Что на юбилей начальство себе премии по полтора миллиона выписало. А работягам — штампованную почётную грамотку в клеёнчатом пакете с эмблемой завода. Да ещё бейсболочку, тоже с эмблемой завода. И та при первой стирке полиняла.
И под конец, фальшивя, дрожащим тенорком запел:
Ни один из работяг за него не заступился. Огромный зал, могли бы овацию ему устроить, ногами топать, свистеть в адрес президиума… Вообще, всячески выразить поддержку.
Но нет. Сидели, трусливо втянув головы в плечи, вперив глаза в пол. Каждый трясся за своё место. Рыбья, рабья кровь. Только и горазды на обеде в чужие судки носы совать: кому чего сегодня жёны настряпали. Да в курилке воздух матом сотрясать.

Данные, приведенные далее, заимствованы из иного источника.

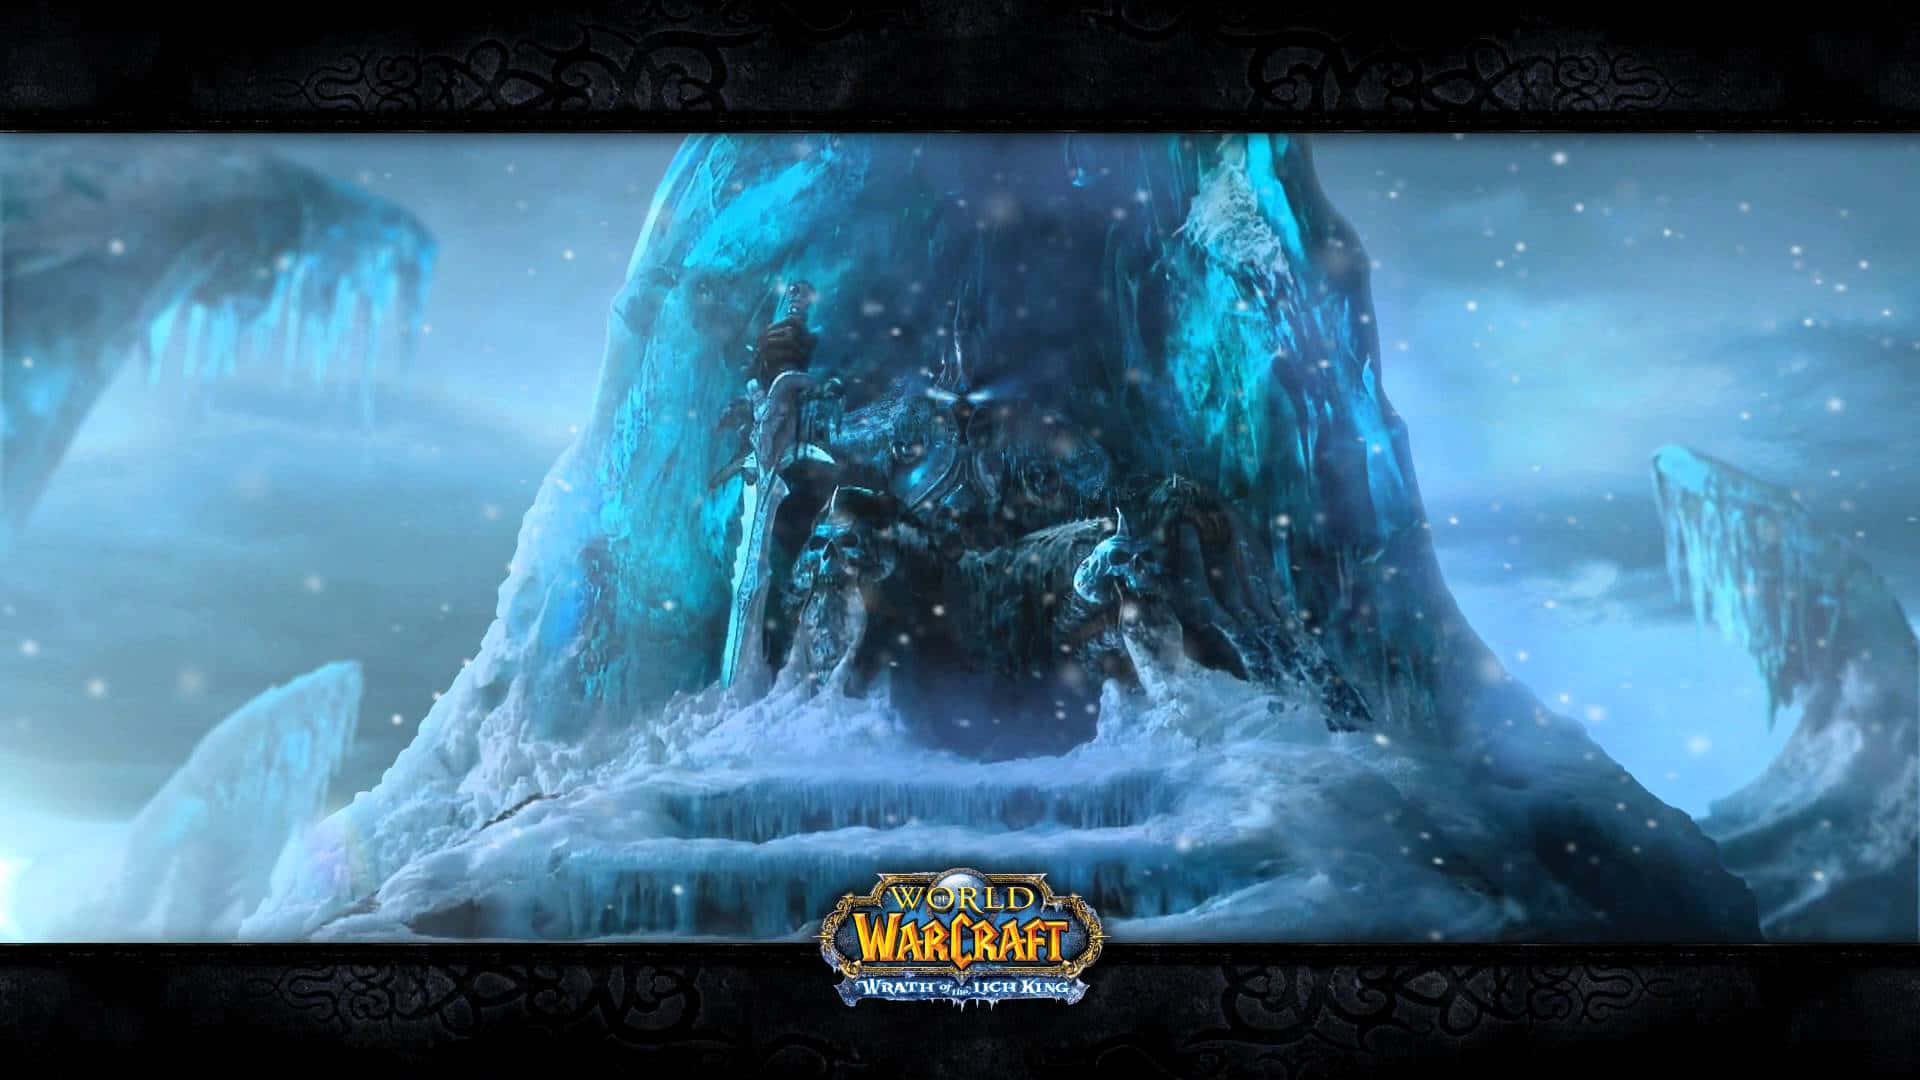 Papelde Parede Do Trono De Gelo De World Of Warcraft. Papel de Parede

Вот так копят-копят в себе злость, клокочут внутри, а потом — р-раз! — клапан срывает. Если власть умная — клапаны иногда приподымает, дыхнуть даёт. А глупая и жадная, как у нас в стране — наглухо задраивает. Отсюда революции и бунты, беспощадные и бессмысленные.

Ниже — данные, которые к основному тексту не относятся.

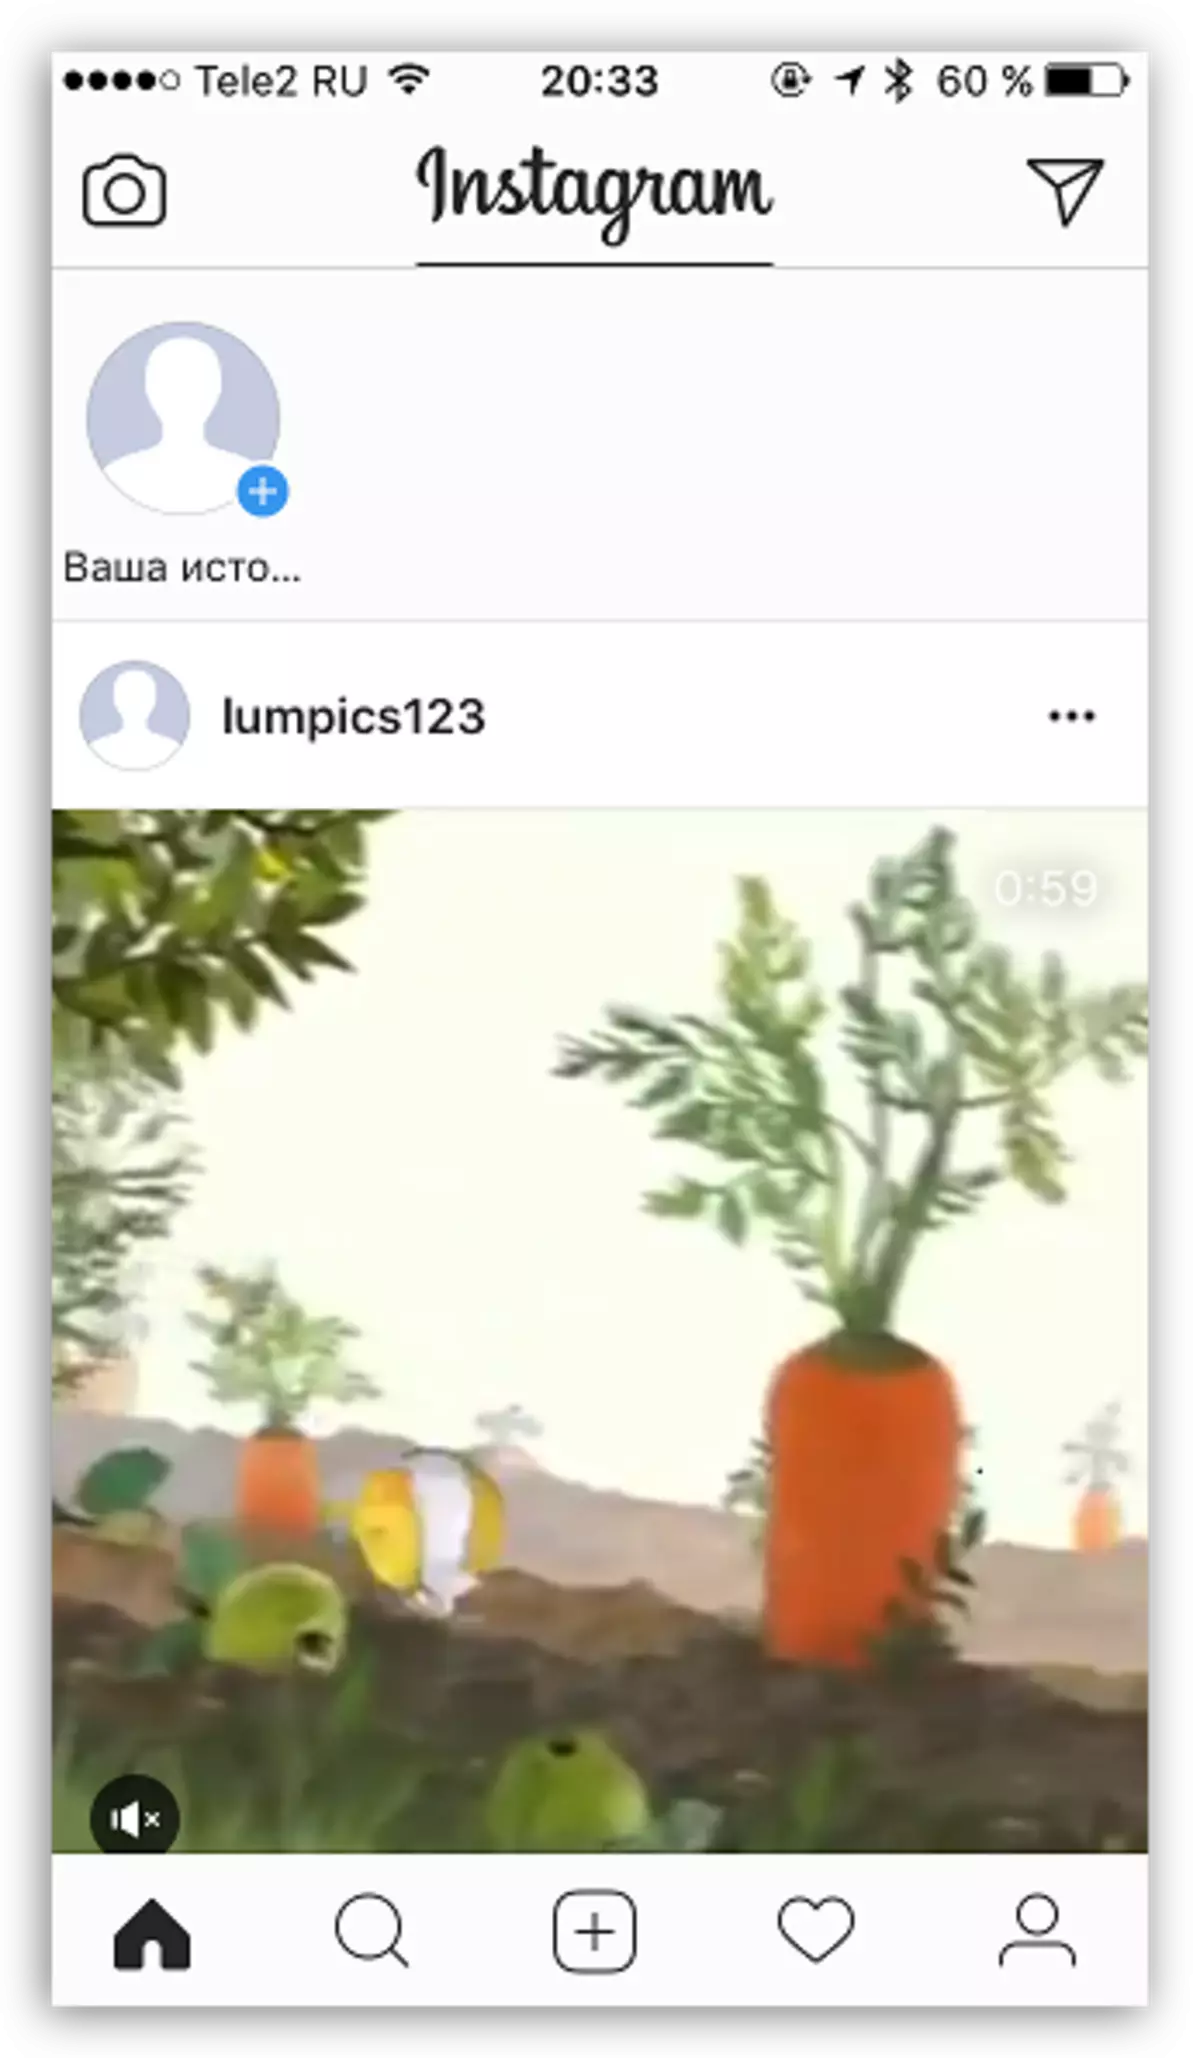 કમ્પ્યુટરથી Instagram માં વિડિઓ પ્રકાશિત

И выперли моего муженька из мастеров со свистом. Вообще с завода вытурили, чтобы воду не мутил.
После чего он совсем головой повредился. На пособии по безработице зря не сидел, всё читал свои газеты — мало ему. Деньги ему я не выдавала. Так, что вы думаете, он ходил, по городу прессу подбирал: на вокзалах, на скамейках, из урн вытряхивал.
На этот раз переметнулся на другую тему. Однажды просыпаюсь, а он говорит:
— Я всё понял, Лялечка. Мы — опытный материал. Подопытные крысы. Выбрали народ, кого не жалко. На нашем регионе проводят эксперимент, как человечество выживет в условиях ядерной зимы.
А у нас, между Волгой и Уралом, правда, погода гнилая, болотная. Где-то счастливчиков в году триста ясных, умытых солнечных дней. А у нас, дай Бог, один раз в месяц солнышко смурную мордочку покажет.
Так все рады, прямо негласные народные гуляния в этот день объявляются: стар и млад на улицы выползает. Греются как цыплята, бока подставляют. Наслаждаются, жмурятся с непривычки: как из тёмных сырых казематов выпустили.
А так, говорю, сплошной мрак, сырость и хандра. День с ночью слились — не отличить. Фонари почти круглосуточно, едва видные, в тумане и мгле бледными пятнами маслянисто, тускло мерцают. Ходим сонные, вялые, зелёные.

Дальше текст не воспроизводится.